Exercise aim –
Using the listing below, reproduce exactly the lines from the one with "Ottmerbrücke, Baubeginn der" through the last, with all pictures left out.

Data below –

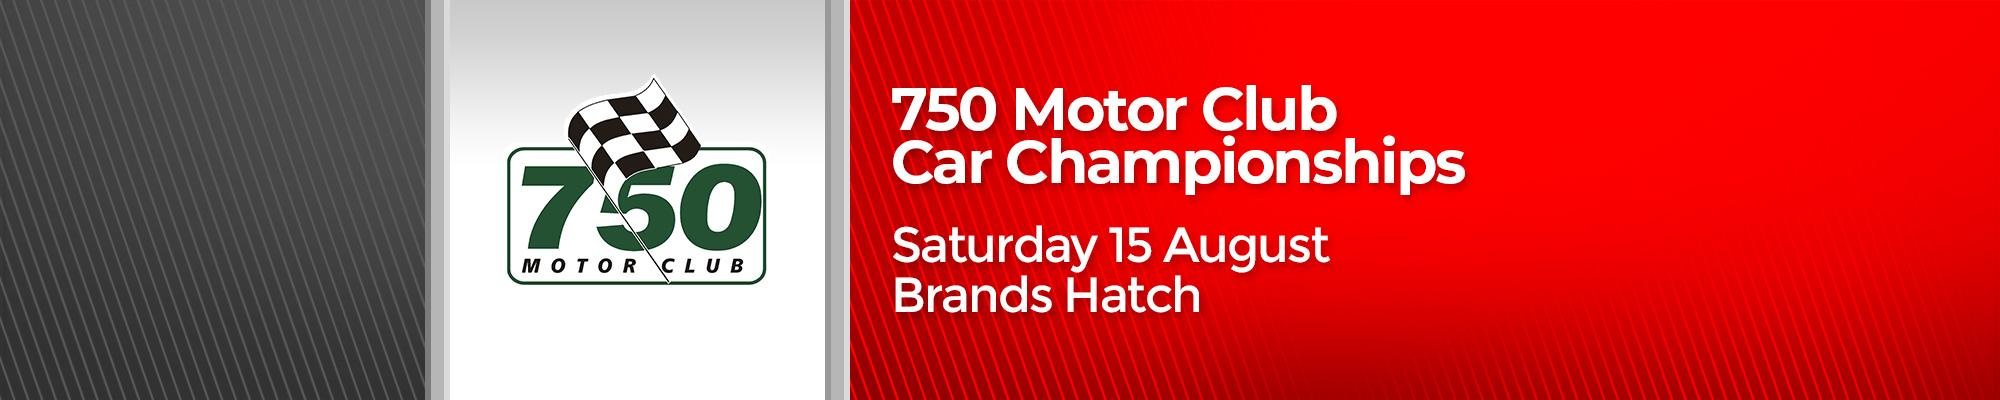  750 Motor Club Car Championships
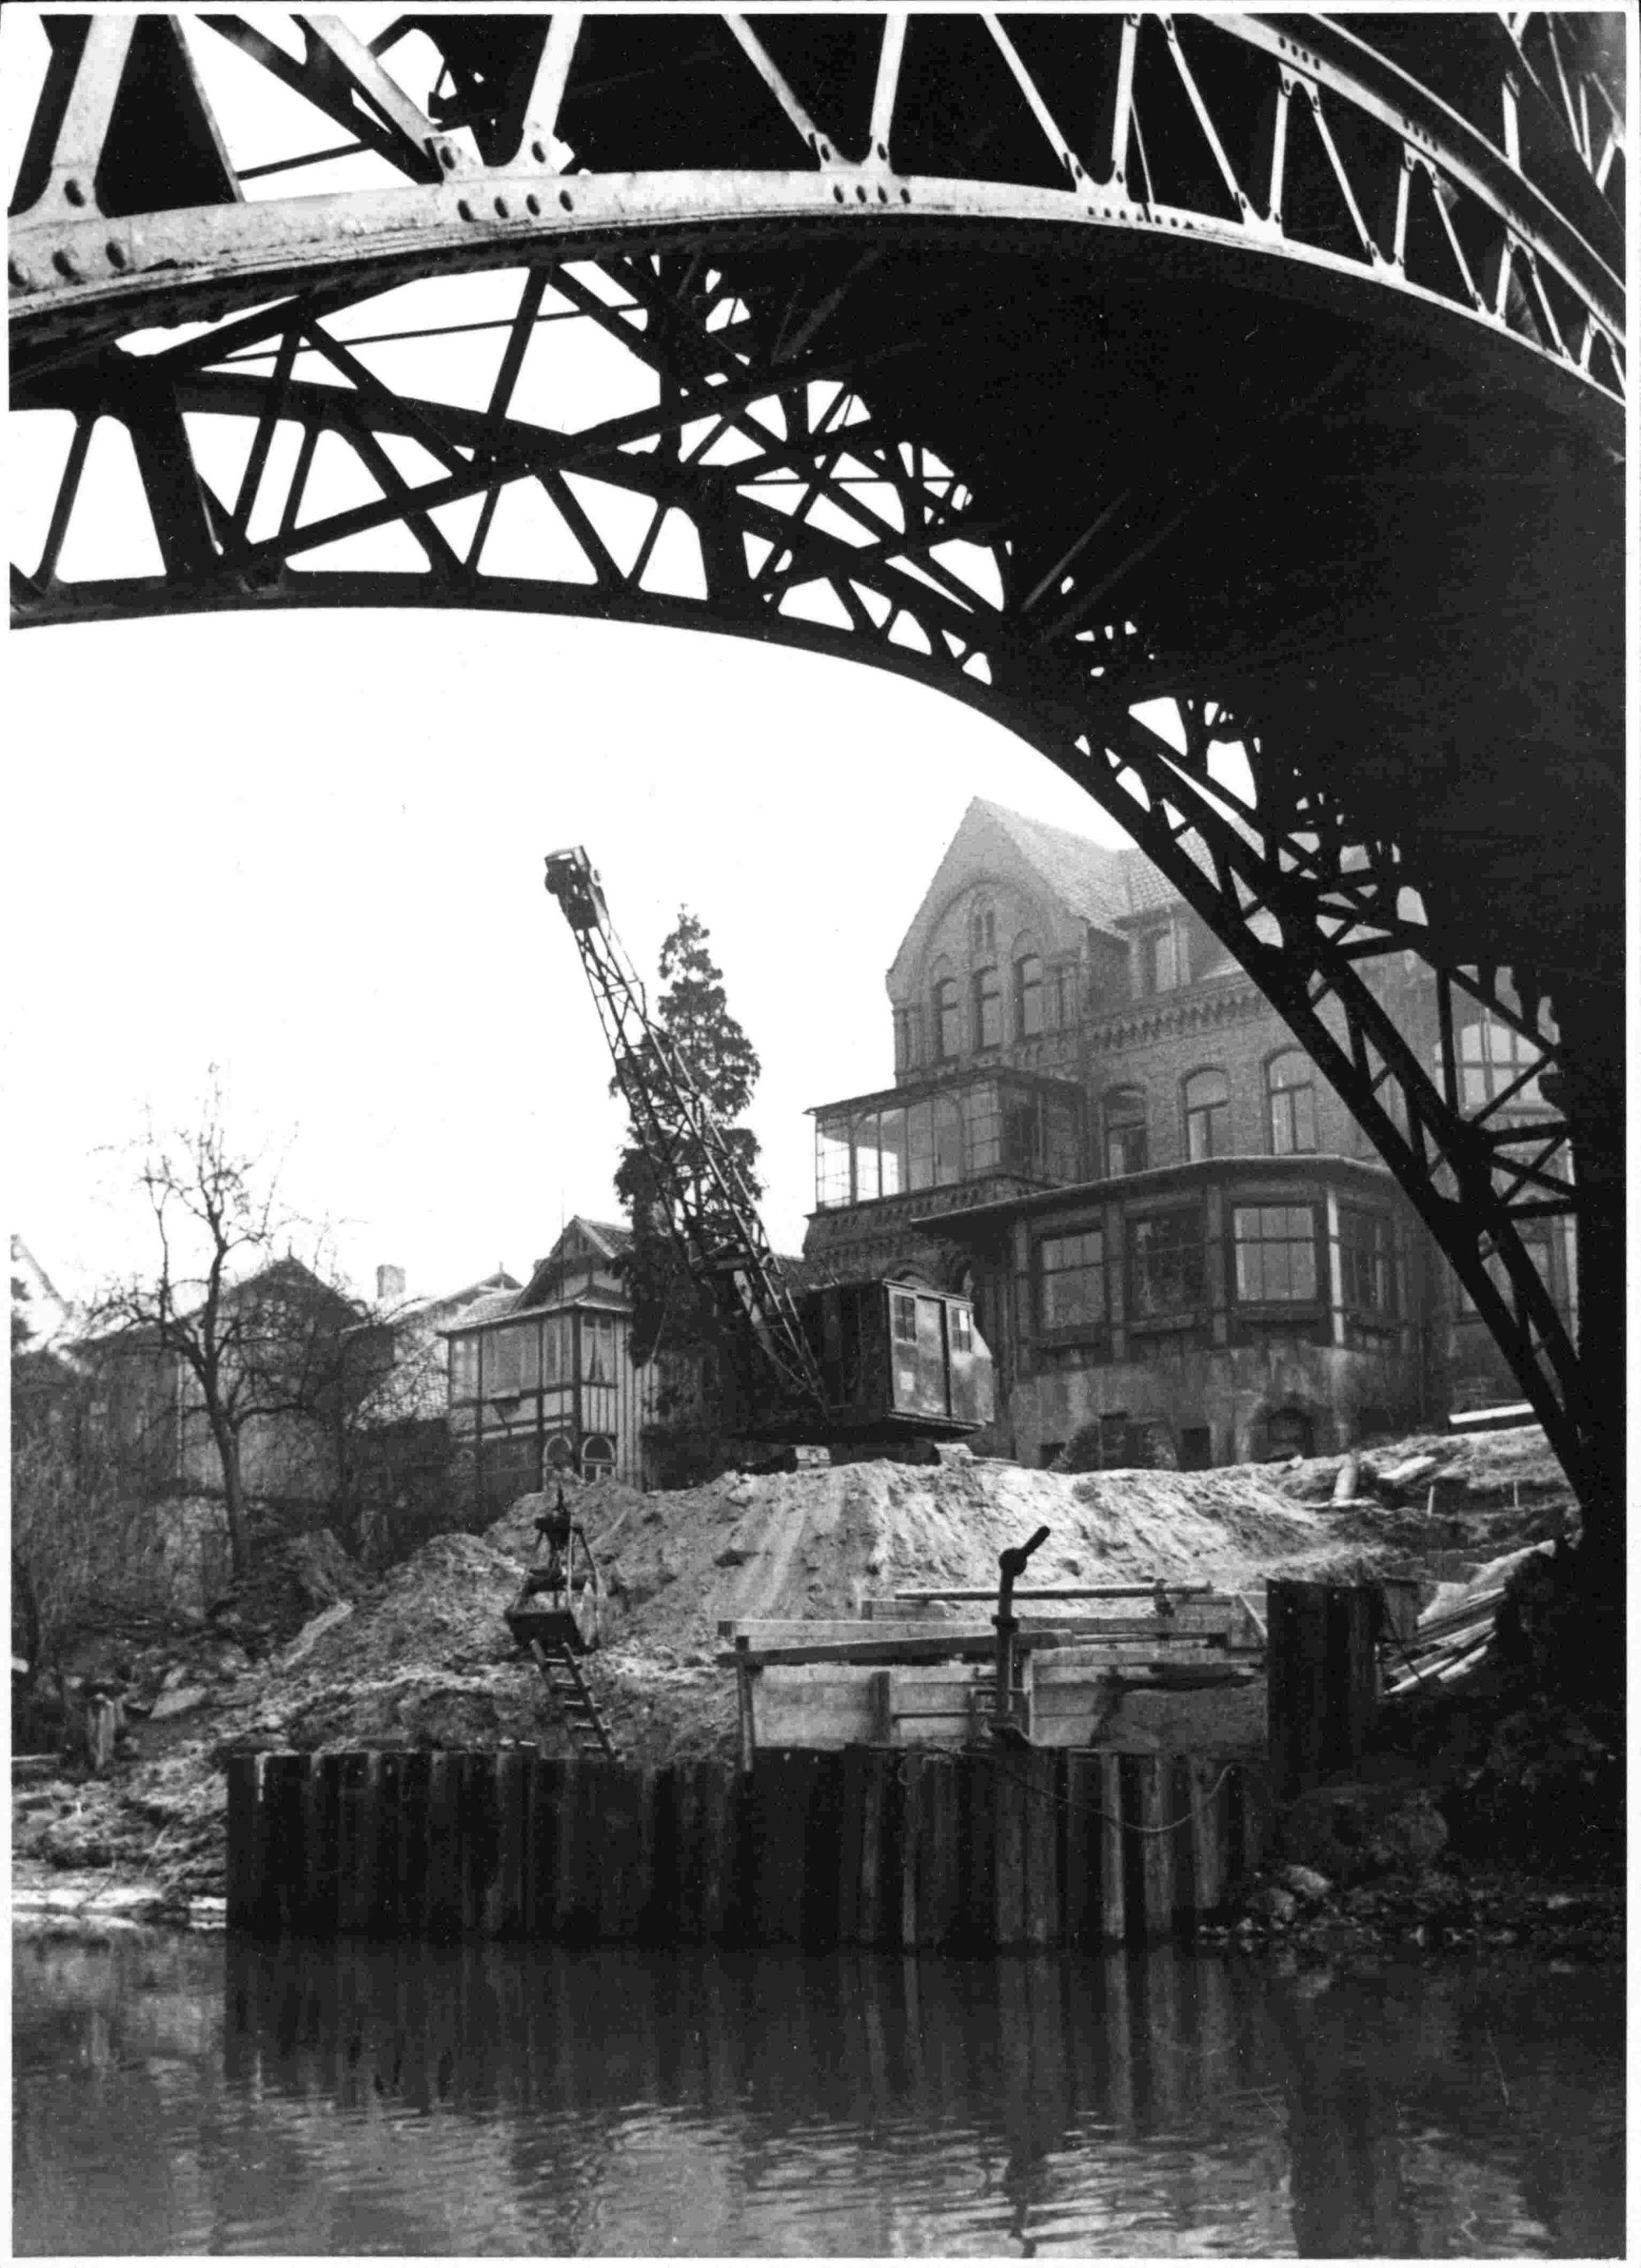 Ottmerbrücke, Baubeginn der Brücke Kurt-Schumacher-Straße, 1958
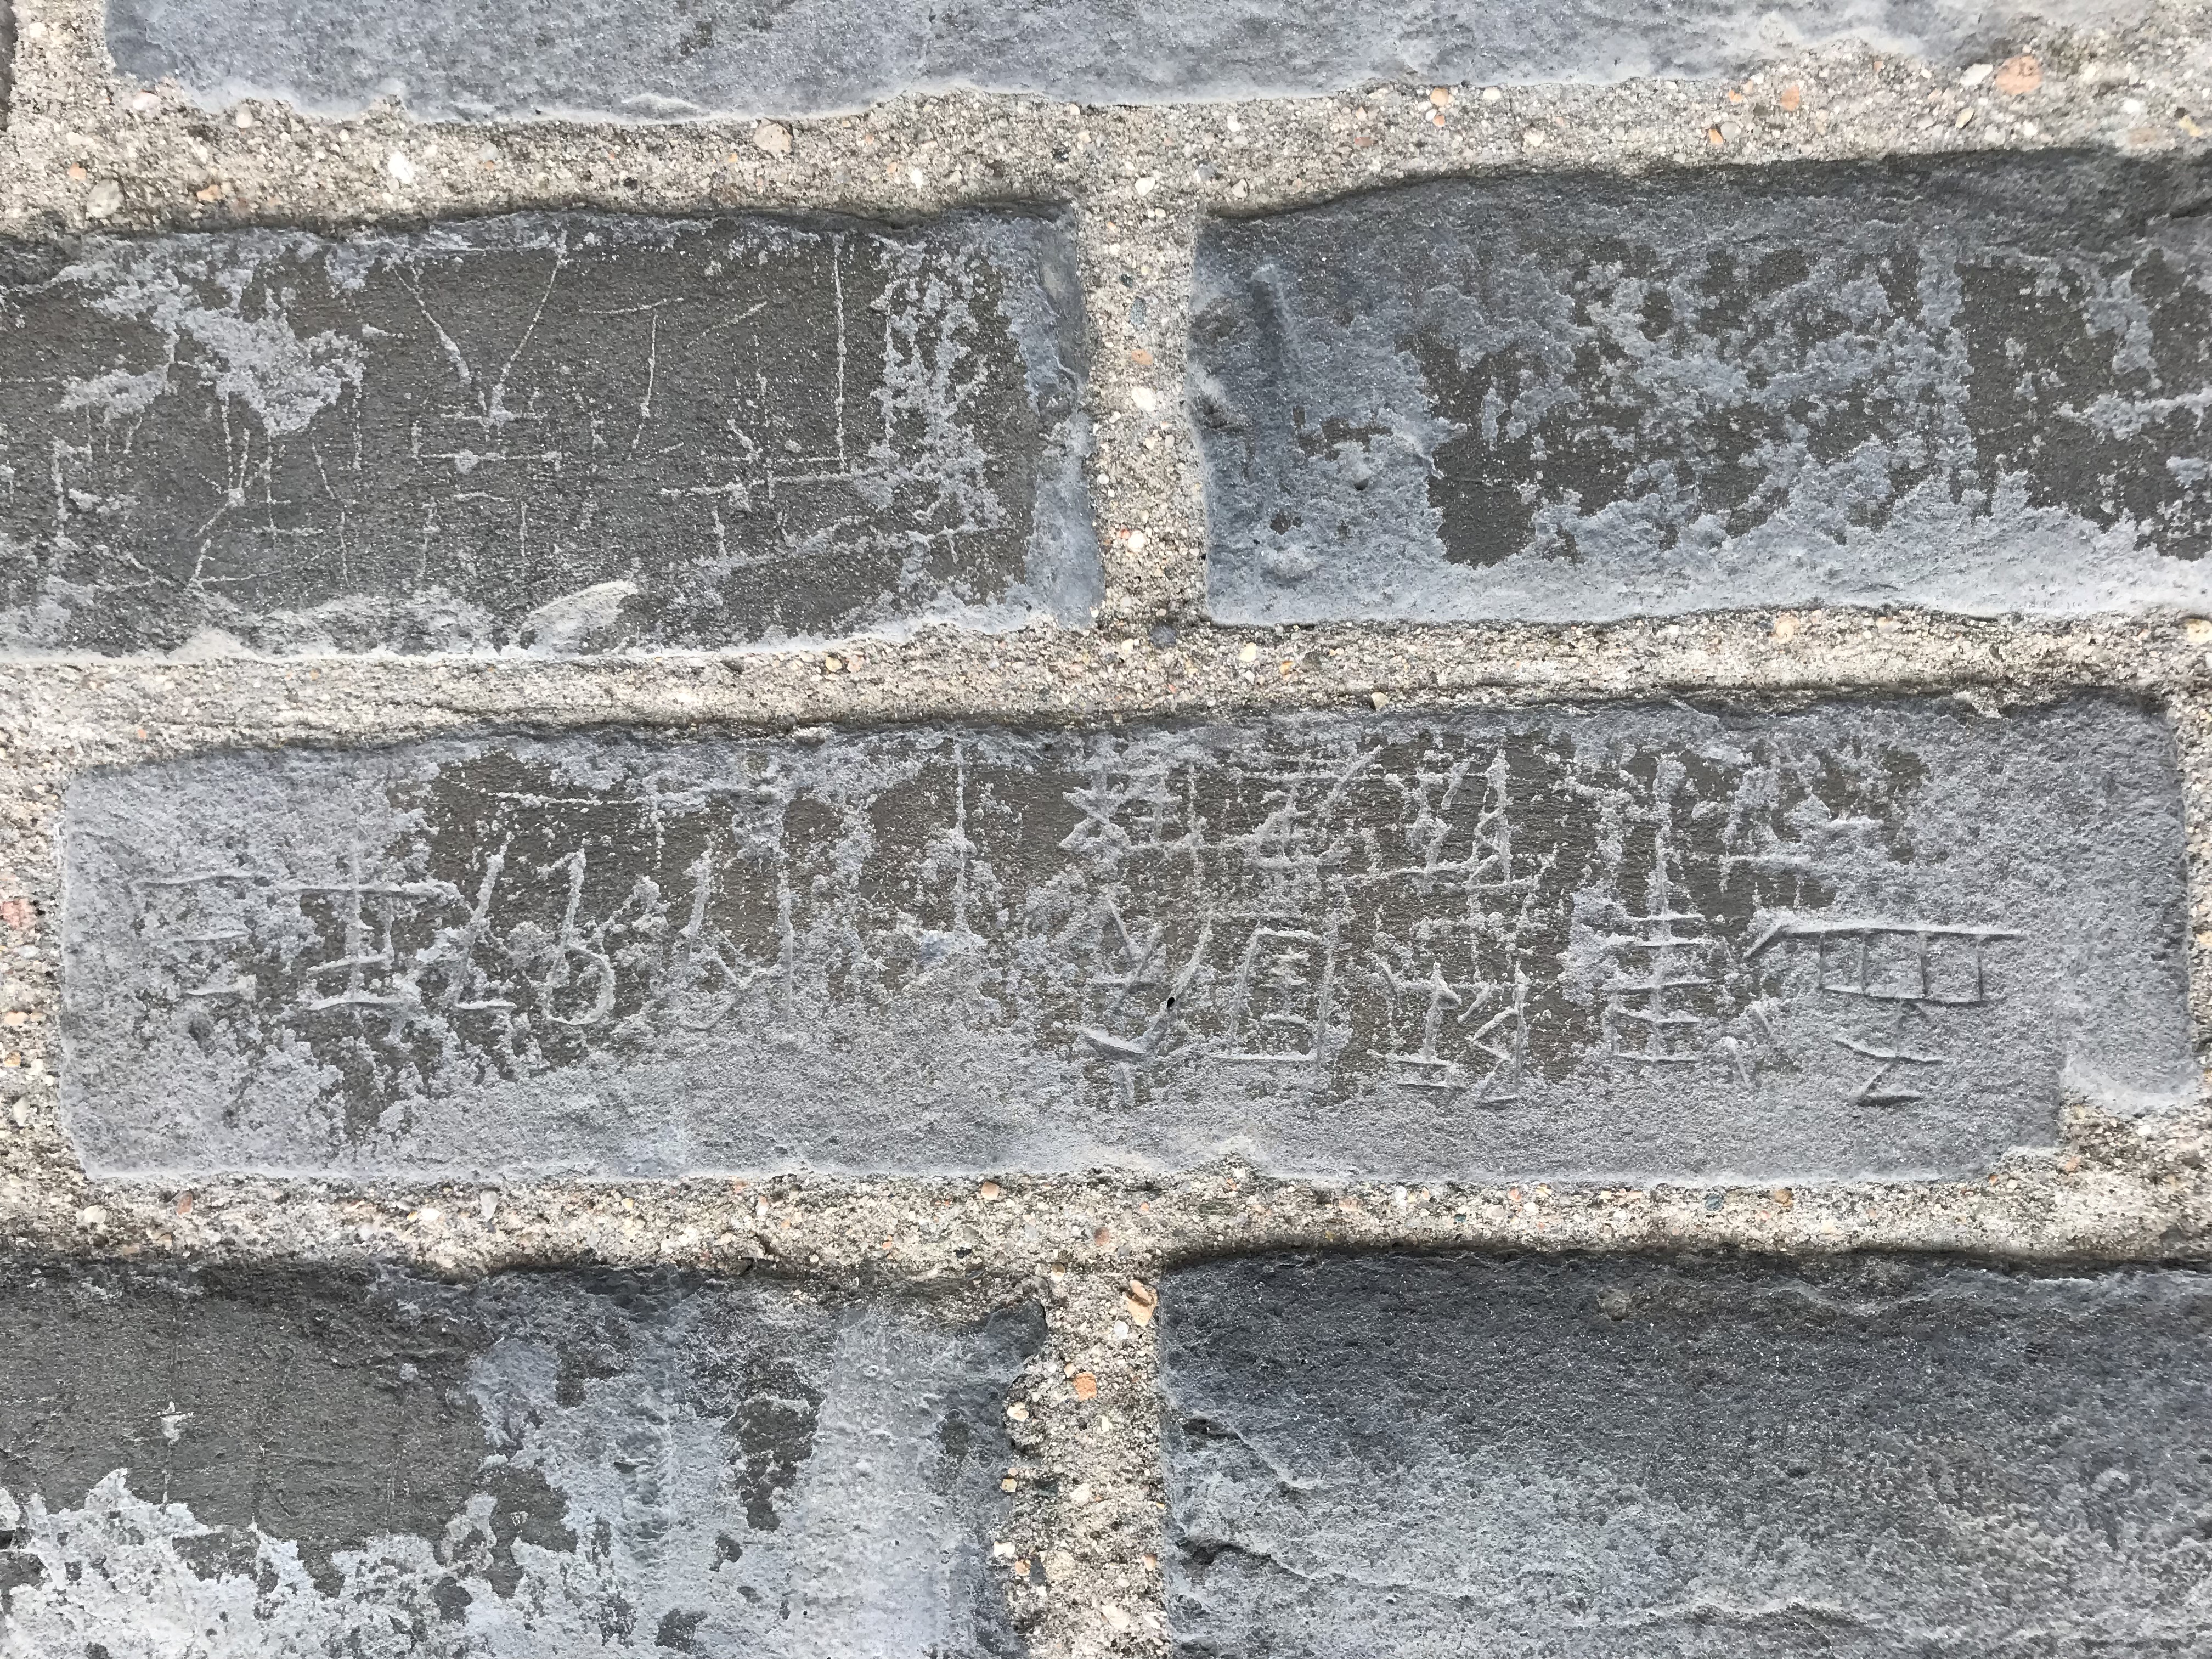 ./2018/03 - Viking China/13 - Xian City Wall/IMG_6541.JPG

Exercise response –
 Ottmerbrücke, Baubeginn der Brücke Kurt-Schumacher-Straße, 1958
 ./2018/03 - Viking China/13 - Xian City Wall/IMG_6541.JPG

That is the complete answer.